Each line from the one bearing "Fire Sunset at" through the last line of the entries below should be returned exactly, with pictures left out.

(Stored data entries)
^^^^
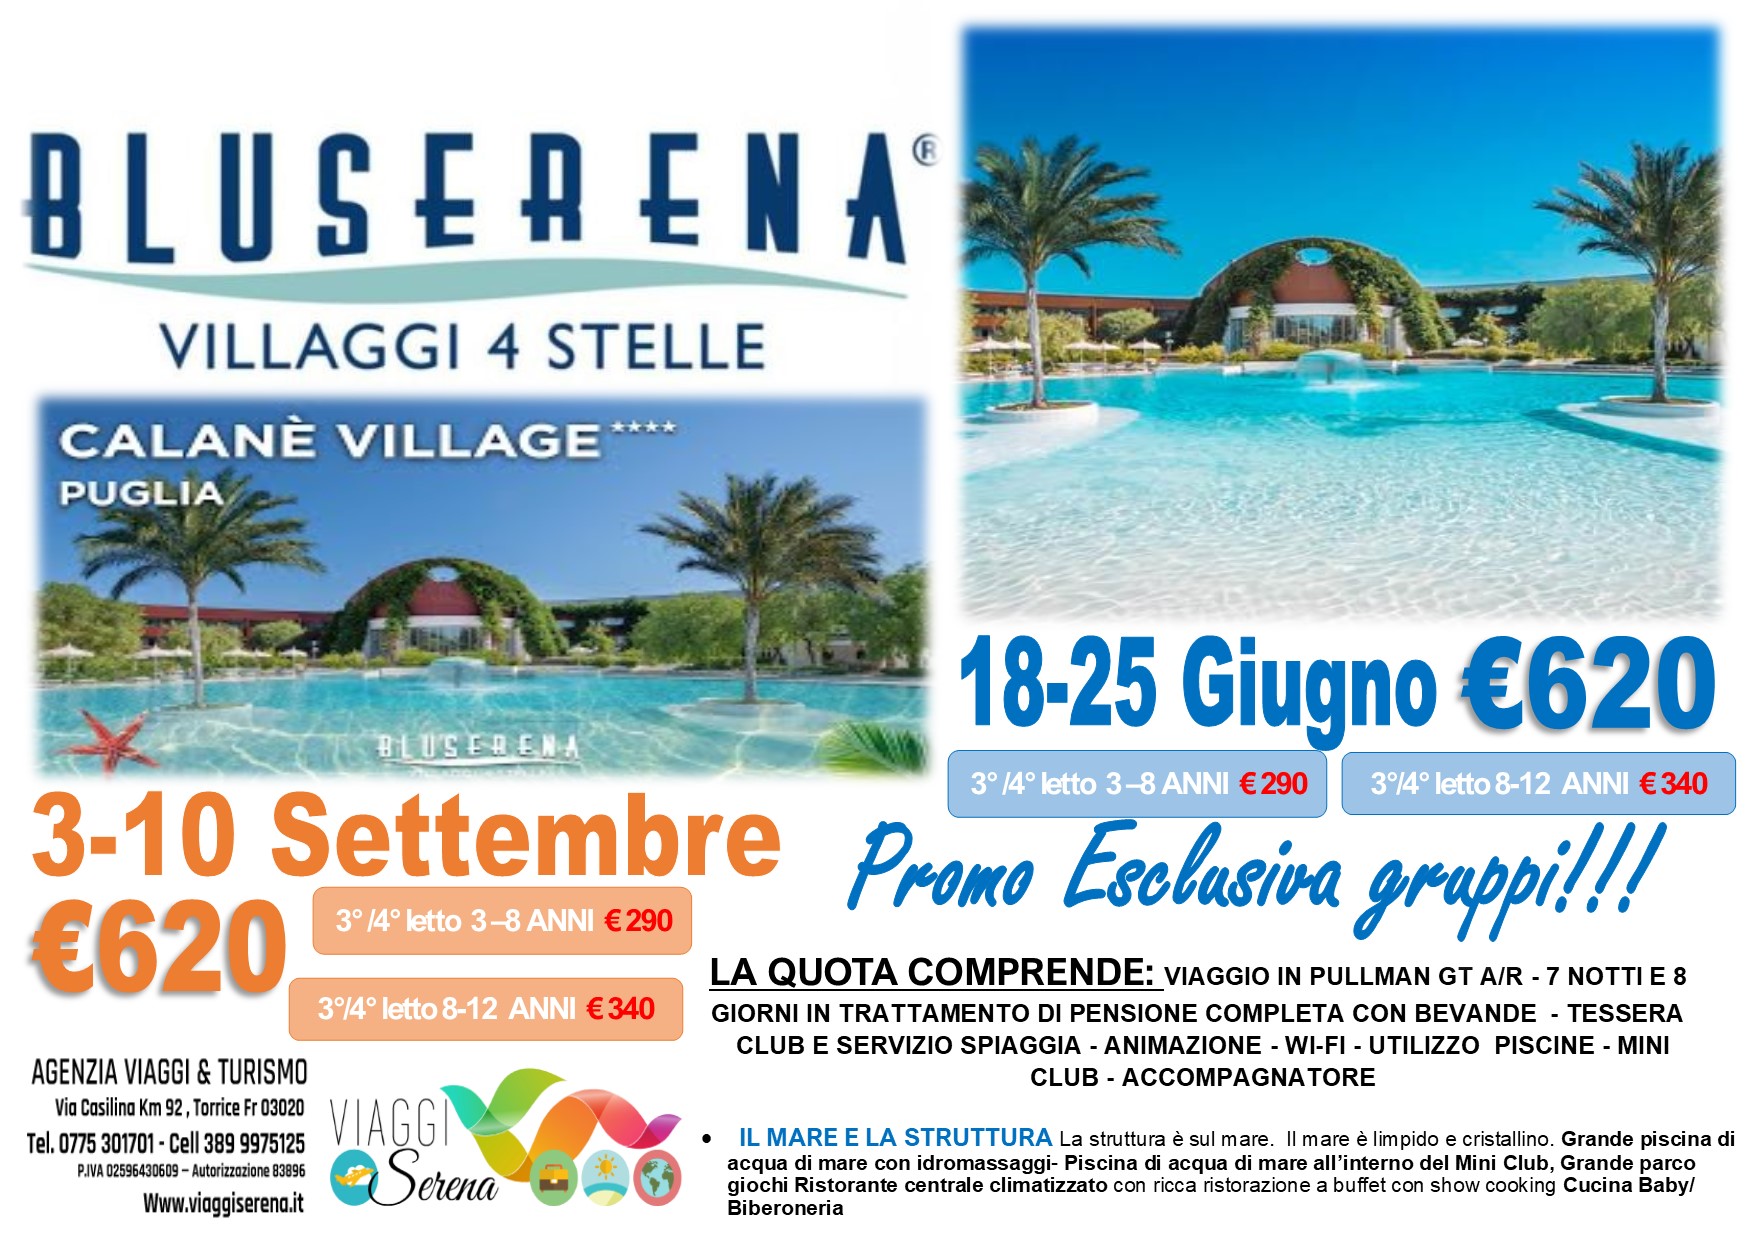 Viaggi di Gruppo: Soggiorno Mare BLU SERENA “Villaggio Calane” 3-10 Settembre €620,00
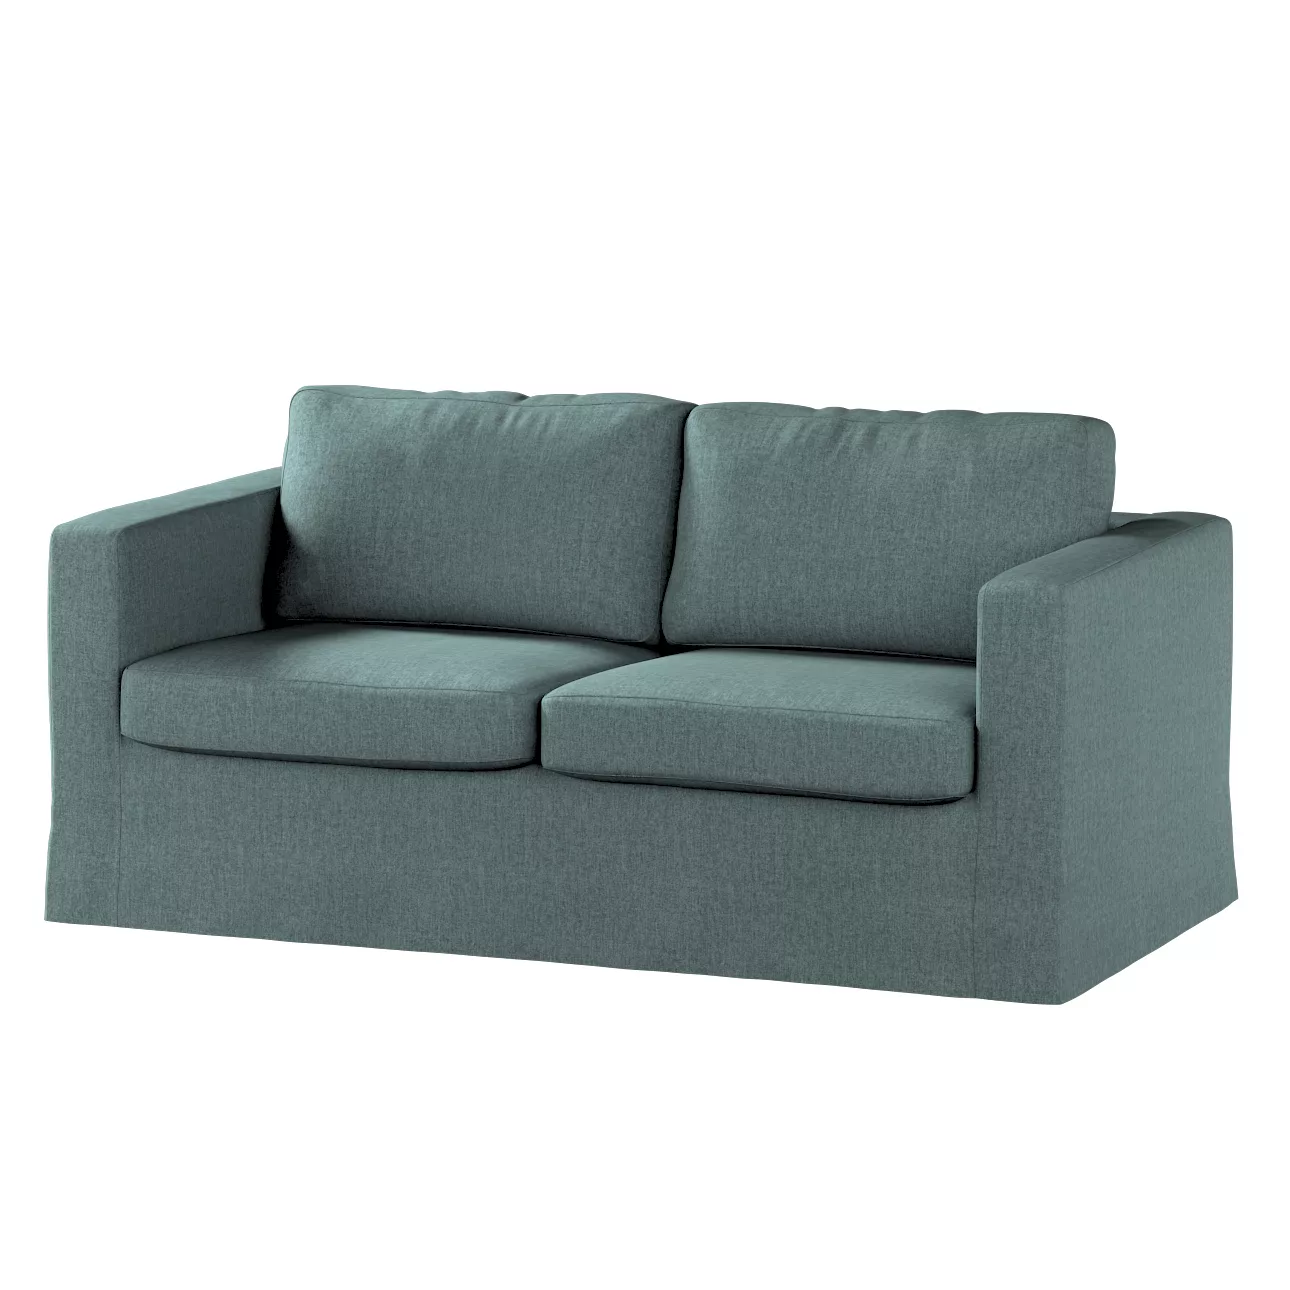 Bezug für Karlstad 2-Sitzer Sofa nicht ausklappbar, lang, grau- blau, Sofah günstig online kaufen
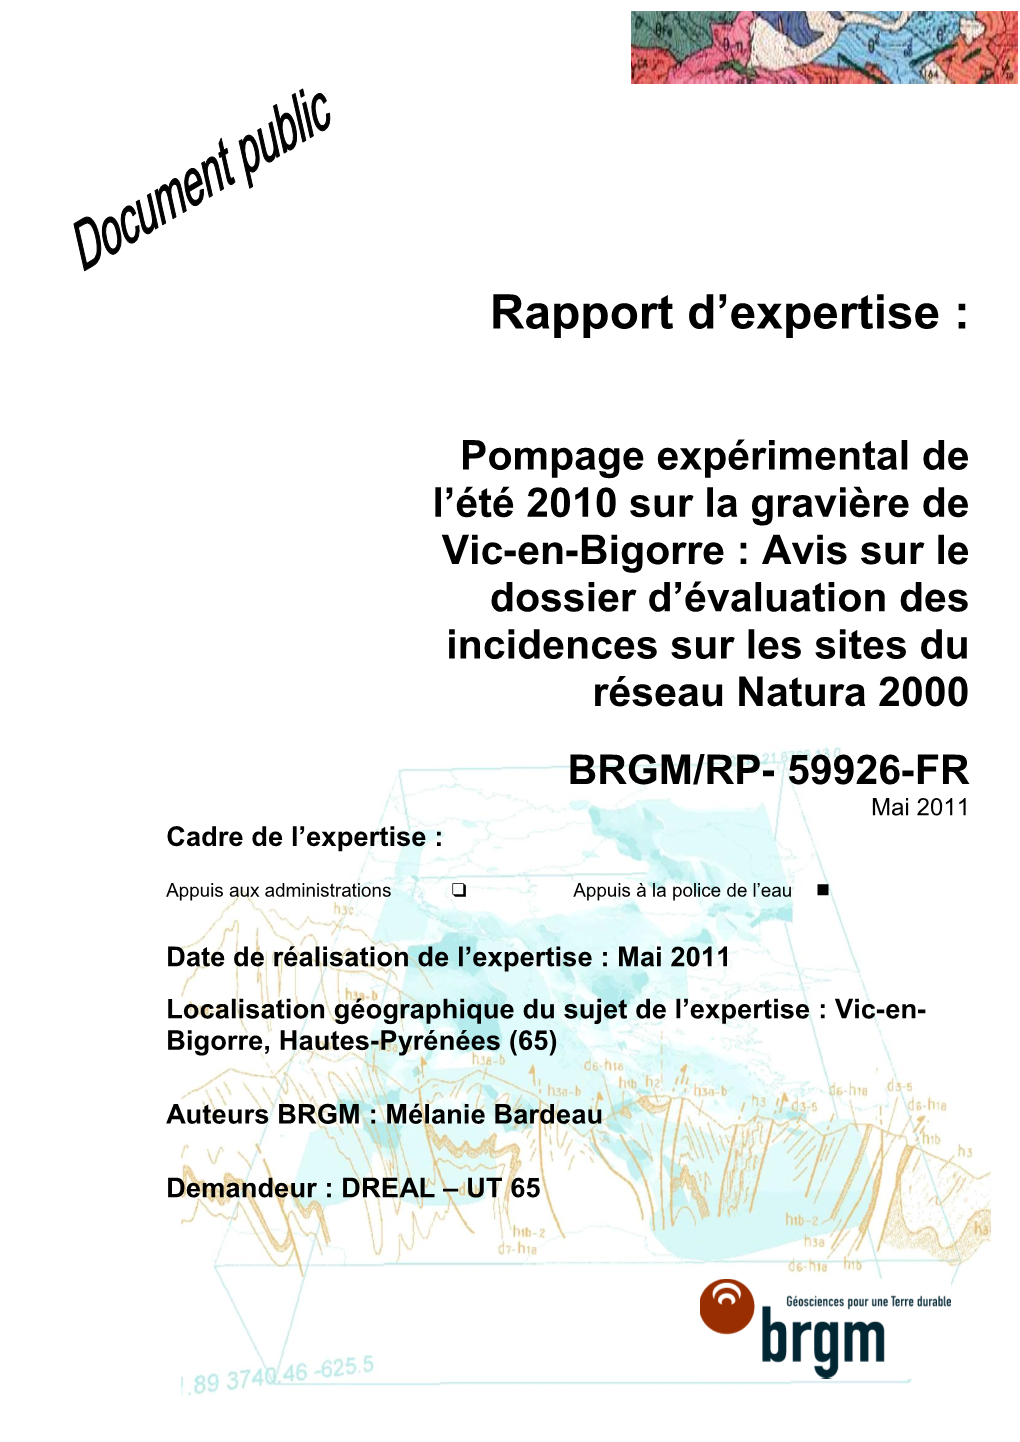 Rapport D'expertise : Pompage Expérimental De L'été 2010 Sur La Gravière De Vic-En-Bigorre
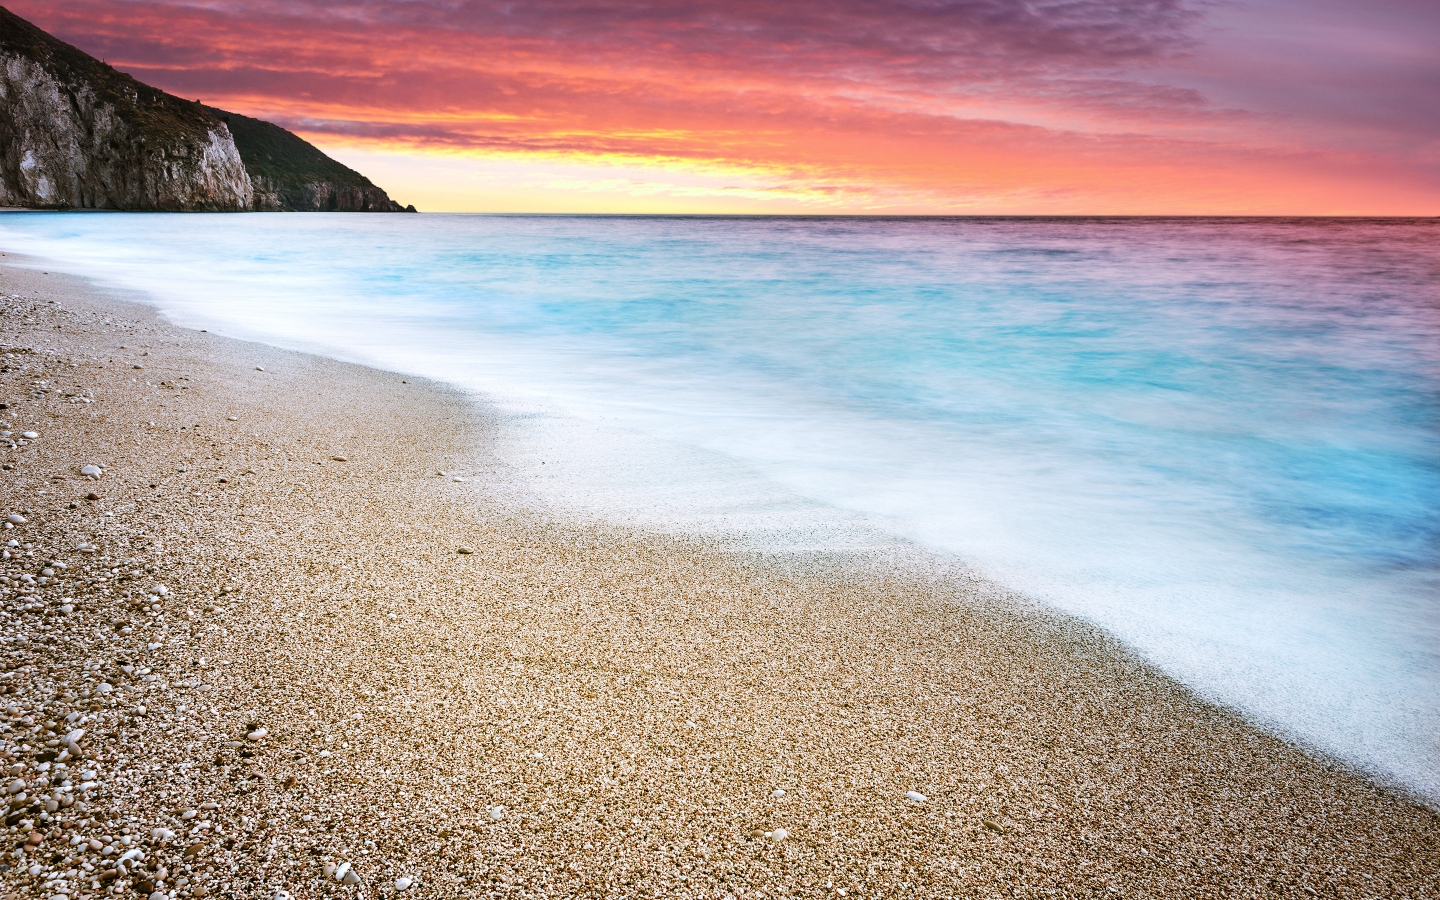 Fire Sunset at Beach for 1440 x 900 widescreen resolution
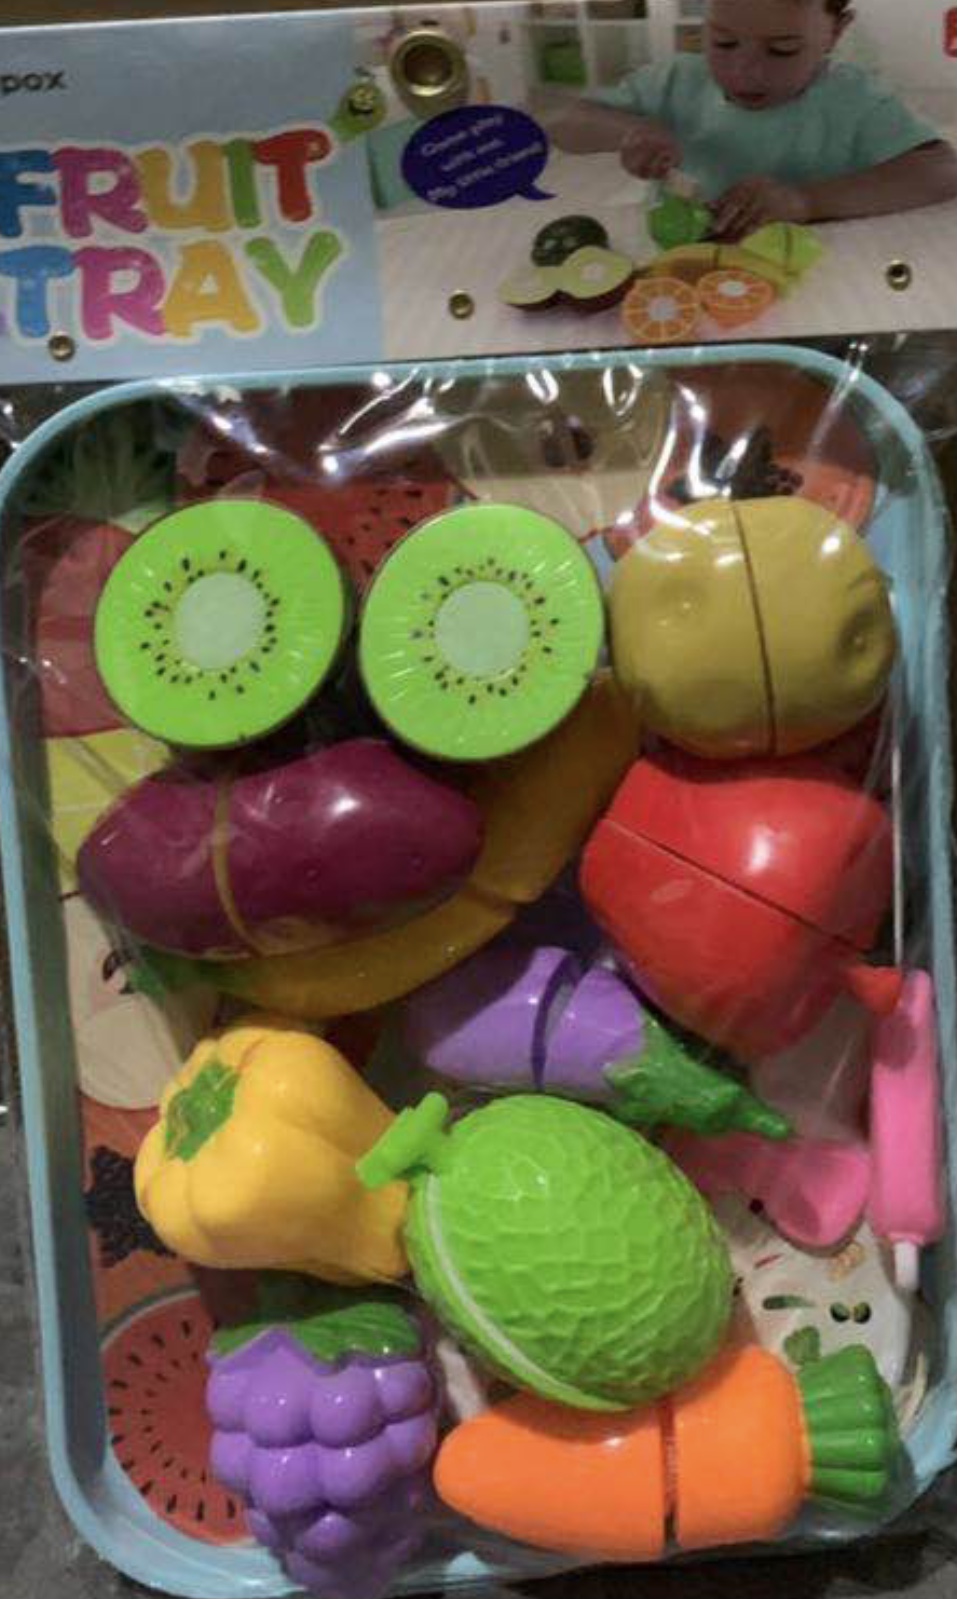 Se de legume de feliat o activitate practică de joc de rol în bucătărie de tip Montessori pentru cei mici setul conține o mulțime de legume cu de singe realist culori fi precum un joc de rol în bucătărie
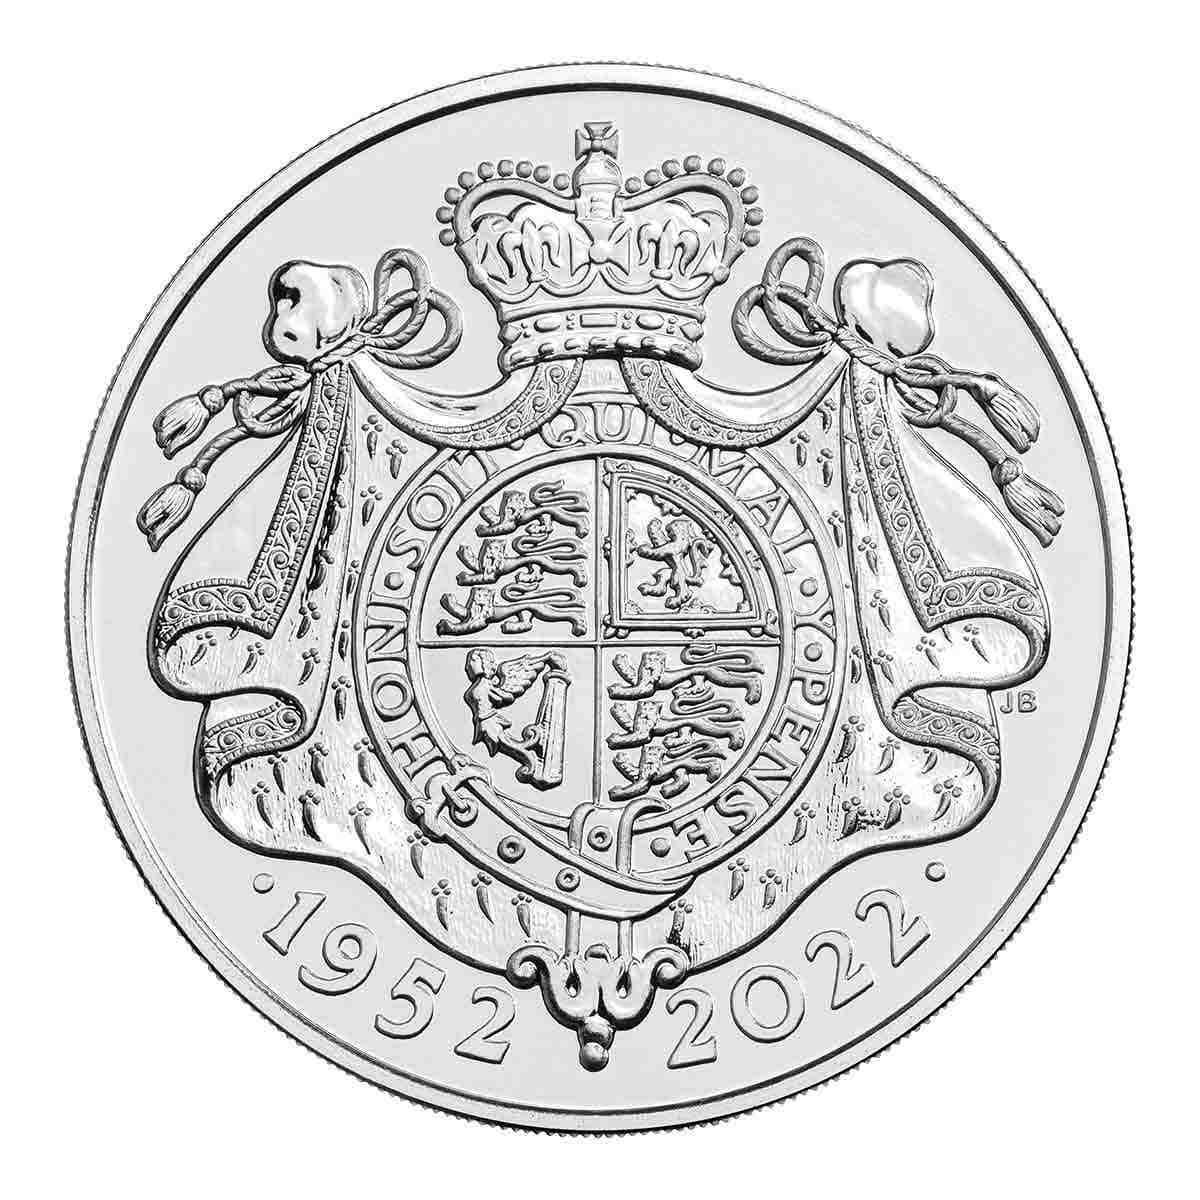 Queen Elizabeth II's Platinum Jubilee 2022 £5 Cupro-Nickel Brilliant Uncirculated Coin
^^^^
## SOLUTION TO THIS TASK
 Fire Sunset at Beach for 1440 x 900 widescreen resolution
 Se de legume de feliat o activitate practică de joc de rol în bucătărie de tip Montessori pentru cei mici setul conține o mulțime de legume cu de singe realist culori fi precum un joc de rol în bucătărie
 Queen Elizabeth II's Platinum Jubilee 2022 £5 Cupro-Nickel Brilliant Uncirculated Coin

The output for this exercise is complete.